── PROVIDED DATA ──

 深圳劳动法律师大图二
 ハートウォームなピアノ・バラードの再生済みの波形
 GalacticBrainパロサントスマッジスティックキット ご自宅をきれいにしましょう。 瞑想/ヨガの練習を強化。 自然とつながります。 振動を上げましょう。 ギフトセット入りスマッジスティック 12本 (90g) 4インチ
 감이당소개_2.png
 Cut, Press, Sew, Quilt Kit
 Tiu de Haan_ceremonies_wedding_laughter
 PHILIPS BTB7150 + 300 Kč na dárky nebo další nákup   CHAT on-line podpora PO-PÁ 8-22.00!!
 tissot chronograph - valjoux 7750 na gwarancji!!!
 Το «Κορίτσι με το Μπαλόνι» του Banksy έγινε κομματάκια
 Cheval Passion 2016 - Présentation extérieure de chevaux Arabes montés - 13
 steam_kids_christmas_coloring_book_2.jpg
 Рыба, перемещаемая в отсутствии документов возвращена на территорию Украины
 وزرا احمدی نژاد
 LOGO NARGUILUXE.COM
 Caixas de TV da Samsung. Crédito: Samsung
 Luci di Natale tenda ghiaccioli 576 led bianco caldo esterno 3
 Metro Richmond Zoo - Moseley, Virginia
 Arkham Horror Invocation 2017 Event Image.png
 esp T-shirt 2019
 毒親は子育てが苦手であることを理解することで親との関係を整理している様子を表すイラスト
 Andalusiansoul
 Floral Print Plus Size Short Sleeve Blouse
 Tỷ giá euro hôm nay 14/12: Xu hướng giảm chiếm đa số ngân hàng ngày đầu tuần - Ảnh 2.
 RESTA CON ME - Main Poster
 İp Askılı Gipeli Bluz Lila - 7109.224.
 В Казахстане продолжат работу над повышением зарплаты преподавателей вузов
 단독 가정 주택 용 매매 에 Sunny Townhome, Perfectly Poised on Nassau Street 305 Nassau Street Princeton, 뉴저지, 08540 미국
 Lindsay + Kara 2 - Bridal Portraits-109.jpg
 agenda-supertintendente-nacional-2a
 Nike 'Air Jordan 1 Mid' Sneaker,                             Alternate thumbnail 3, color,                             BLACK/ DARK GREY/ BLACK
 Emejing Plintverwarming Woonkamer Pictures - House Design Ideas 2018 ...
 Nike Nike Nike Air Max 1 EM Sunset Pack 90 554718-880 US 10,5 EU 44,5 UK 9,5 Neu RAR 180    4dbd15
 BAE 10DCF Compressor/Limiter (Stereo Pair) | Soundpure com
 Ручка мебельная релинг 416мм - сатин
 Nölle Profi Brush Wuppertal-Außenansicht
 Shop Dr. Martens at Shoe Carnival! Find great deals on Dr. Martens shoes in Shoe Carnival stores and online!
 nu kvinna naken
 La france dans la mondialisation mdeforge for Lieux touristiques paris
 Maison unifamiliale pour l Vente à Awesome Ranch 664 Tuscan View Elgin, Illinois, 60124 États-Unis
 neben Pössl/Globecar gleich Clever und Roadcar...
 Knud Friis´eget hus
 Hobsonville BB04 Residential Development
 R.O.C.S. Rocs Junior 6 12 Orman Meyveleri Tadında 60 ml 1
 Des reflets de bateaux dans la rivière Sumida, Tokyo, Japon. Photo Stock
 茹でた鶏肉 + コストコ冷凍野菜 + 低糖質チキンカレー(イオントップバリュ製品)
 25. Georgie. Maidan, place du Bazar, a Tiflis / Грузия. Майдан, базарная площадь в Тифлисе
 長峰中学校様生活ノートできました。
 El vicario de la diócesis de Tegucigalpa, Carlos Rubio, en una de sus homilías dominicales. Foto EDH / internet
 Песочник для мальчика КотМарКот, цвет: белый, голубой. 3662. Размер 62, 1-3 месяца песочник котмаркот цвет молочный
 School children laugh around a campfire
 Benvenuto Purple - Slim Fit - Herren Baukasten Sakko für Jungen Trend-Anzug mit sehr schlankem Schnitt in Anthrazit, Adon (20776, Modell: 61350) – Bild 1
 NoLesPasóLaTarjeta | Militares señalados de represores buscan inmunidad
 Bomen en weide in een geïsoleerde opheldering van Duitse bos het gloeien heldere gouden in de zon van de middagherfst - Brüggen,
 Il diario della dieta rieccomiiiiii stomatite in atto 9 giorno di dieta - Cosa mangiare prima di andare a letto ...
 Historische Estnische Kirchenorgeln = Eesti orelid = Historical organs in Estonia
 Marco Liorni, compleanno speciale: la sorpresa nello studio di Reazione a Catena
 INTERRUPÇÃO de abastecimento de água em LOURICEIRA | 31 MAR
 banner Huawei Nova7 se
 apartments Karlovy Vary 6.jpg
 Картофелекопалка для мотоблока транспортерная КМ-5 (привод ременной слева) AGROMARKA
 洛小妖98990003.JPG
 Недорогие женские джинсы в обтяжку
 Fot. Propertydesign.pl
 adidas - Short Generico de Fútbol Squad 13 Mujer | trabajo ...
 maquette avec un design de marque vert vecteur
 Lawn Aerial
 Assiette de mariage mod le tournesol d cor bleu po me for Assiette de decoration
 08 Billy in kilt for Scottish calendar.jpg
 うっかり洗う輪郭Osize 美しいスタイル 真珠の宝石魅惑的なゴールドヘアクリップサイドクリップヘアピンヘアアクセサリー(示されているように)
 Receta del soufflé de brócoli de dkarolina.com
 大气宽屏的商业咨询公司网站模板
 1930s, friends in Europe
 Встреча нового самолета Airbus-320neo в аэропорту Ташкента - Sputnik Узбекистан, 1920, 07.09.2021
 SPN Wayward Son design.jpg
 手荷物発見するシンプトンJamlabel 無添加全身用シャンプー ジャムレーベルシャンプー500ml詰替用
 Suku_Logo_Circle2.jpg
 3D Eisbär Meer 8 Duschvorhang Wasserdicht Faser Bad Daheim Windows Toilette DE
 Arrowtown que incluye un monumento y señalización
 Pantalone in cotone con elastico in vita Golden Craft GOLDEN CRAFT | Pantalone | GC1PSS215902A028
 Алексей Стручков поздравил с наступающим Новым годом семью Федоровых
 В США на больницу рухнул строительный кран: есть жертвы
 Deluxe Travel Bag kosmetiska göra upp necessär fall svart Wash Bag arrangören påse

───

■ TASK REQUIREMENTS
From the entries, report every line in which the string "dans" occurs.

■ SOLUTION FOR THIS TASK
 La france dans la mondialisation mdeforge for Lieux touristiques paris
 Des reflets de bateaux dans la rivière Sumida, Tokyo, Japon. Photo Stock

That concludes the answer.